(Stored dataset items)

──────────────────────────────

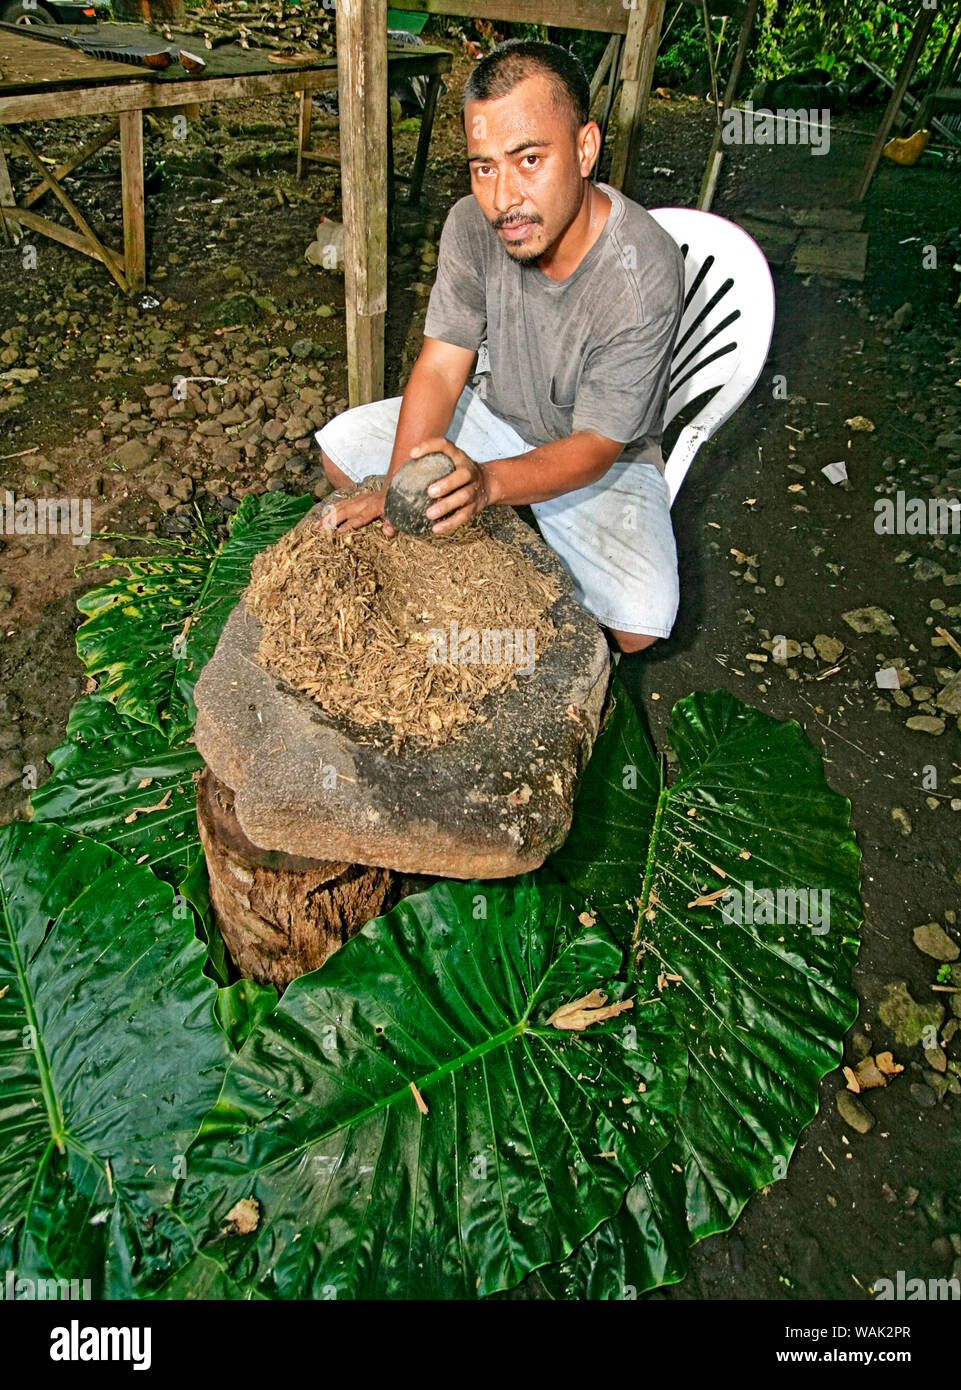 Kosrae, Micronesia (FSM). Man pounds sakau (kava), root used to make a mildly intoxicating and relaxing drink. (Editorial Use Only) Stock Photo
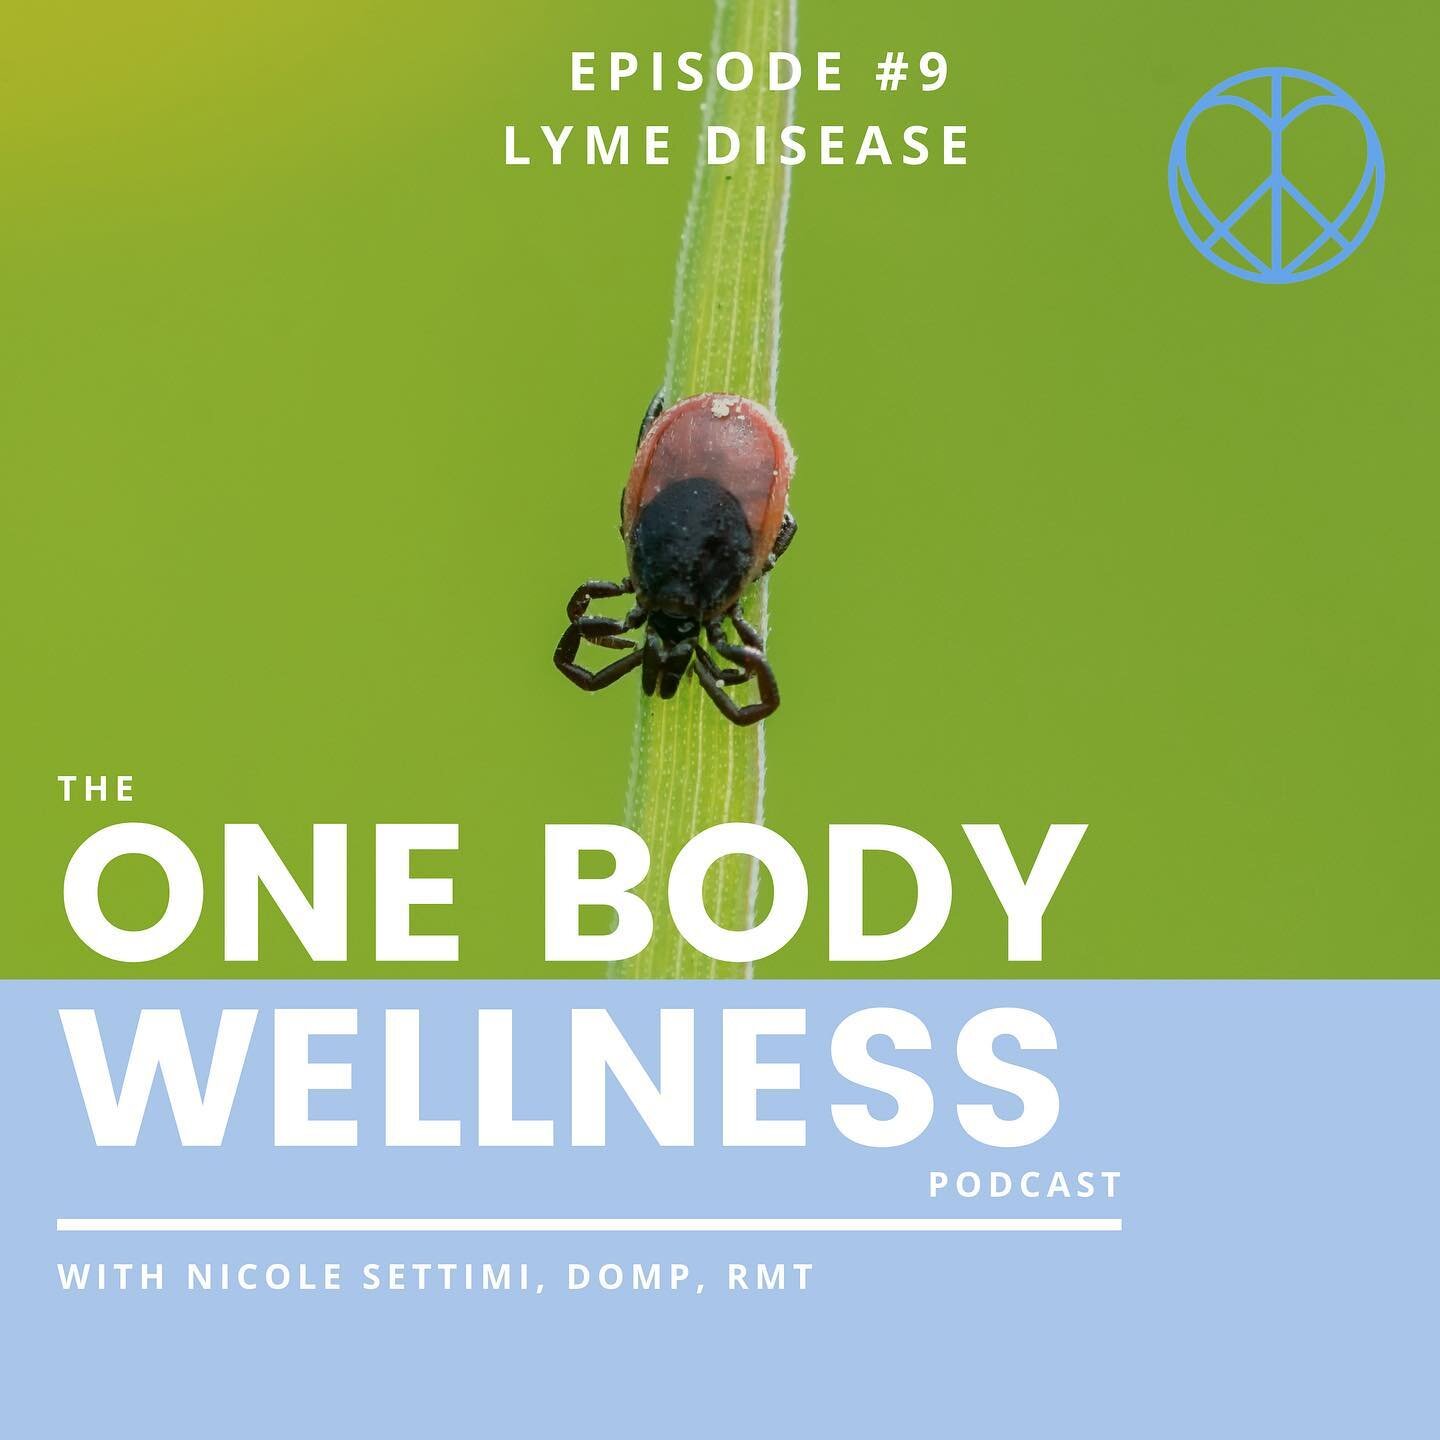 LYME DISEASE &bull; Episode #9 is all about Lyme disease.

The question I want to ask you is:

Instead of fearing Lyme disease and ticks, how can we be symbiotic with nature, to co-exist, and to protect ourselves, and the environment in the meantime?
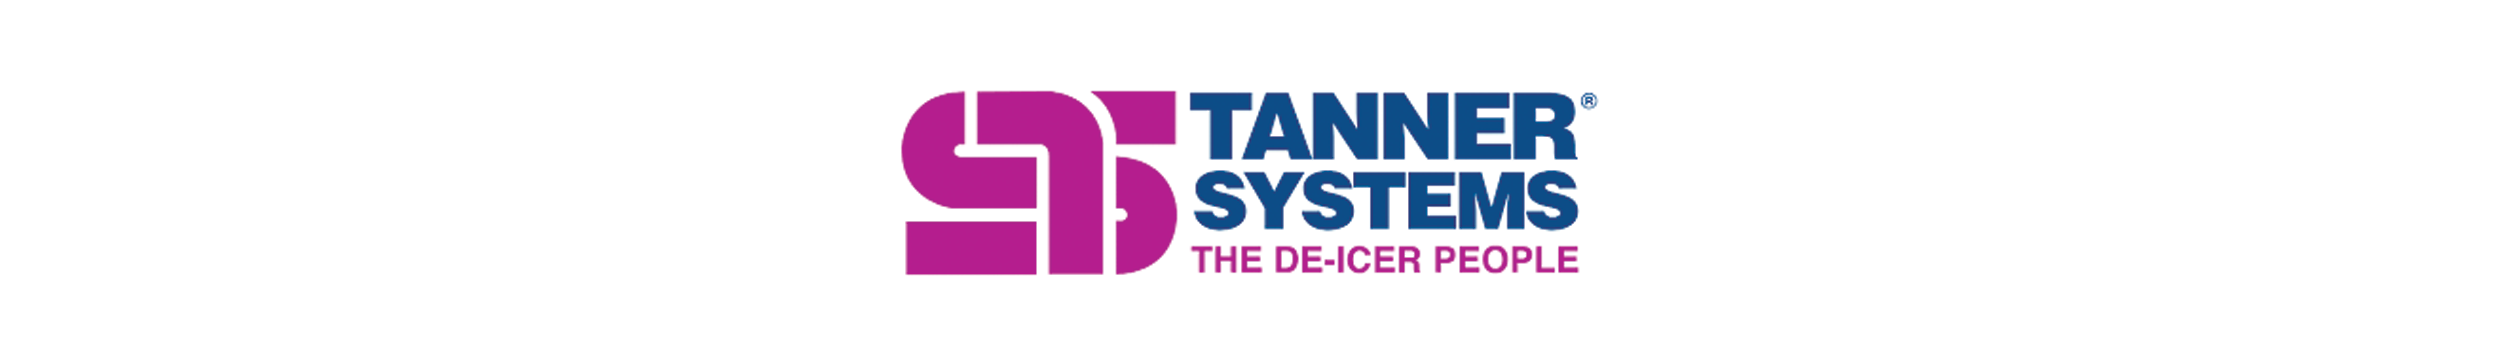 Tanner Systems
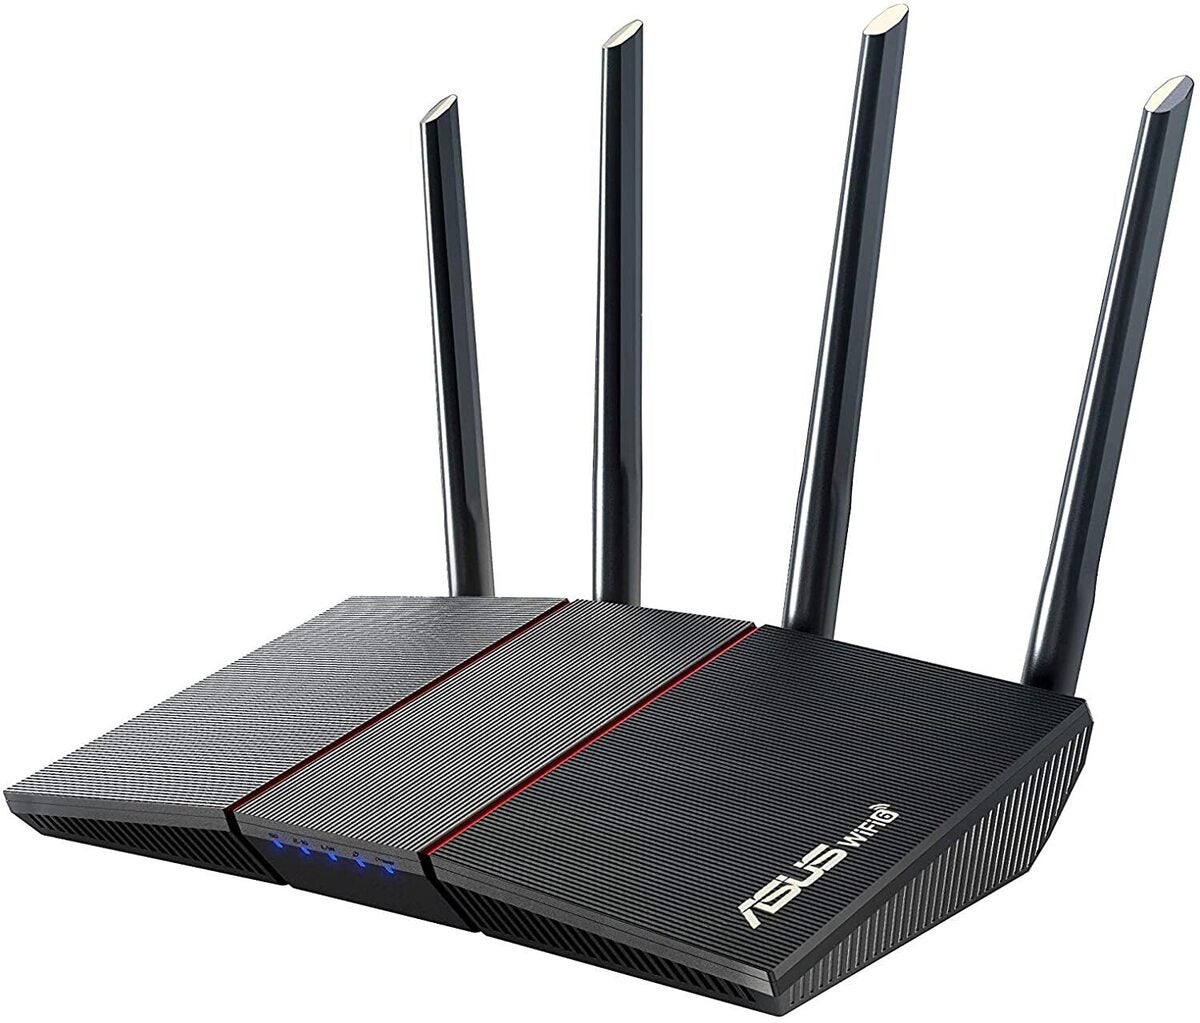 Refusal exit sew The best router settings for gaming - PC World Australia

──────────────────────────────

Drop the pictures; return the lines above from the line containing "LYME DISEASE &bull;" to the line containing "Tanner Systems", both included, exactly.

 LYME DISEASE &bull; Episode #9 is all about Lyme disease.

The question I want to ask you is:

Instead of fearing Lyme disease and ticks, how can we be symbiotic with nature, to co-exist, and to protect ourselves, and the environment in the meantime?
 Tanner Systems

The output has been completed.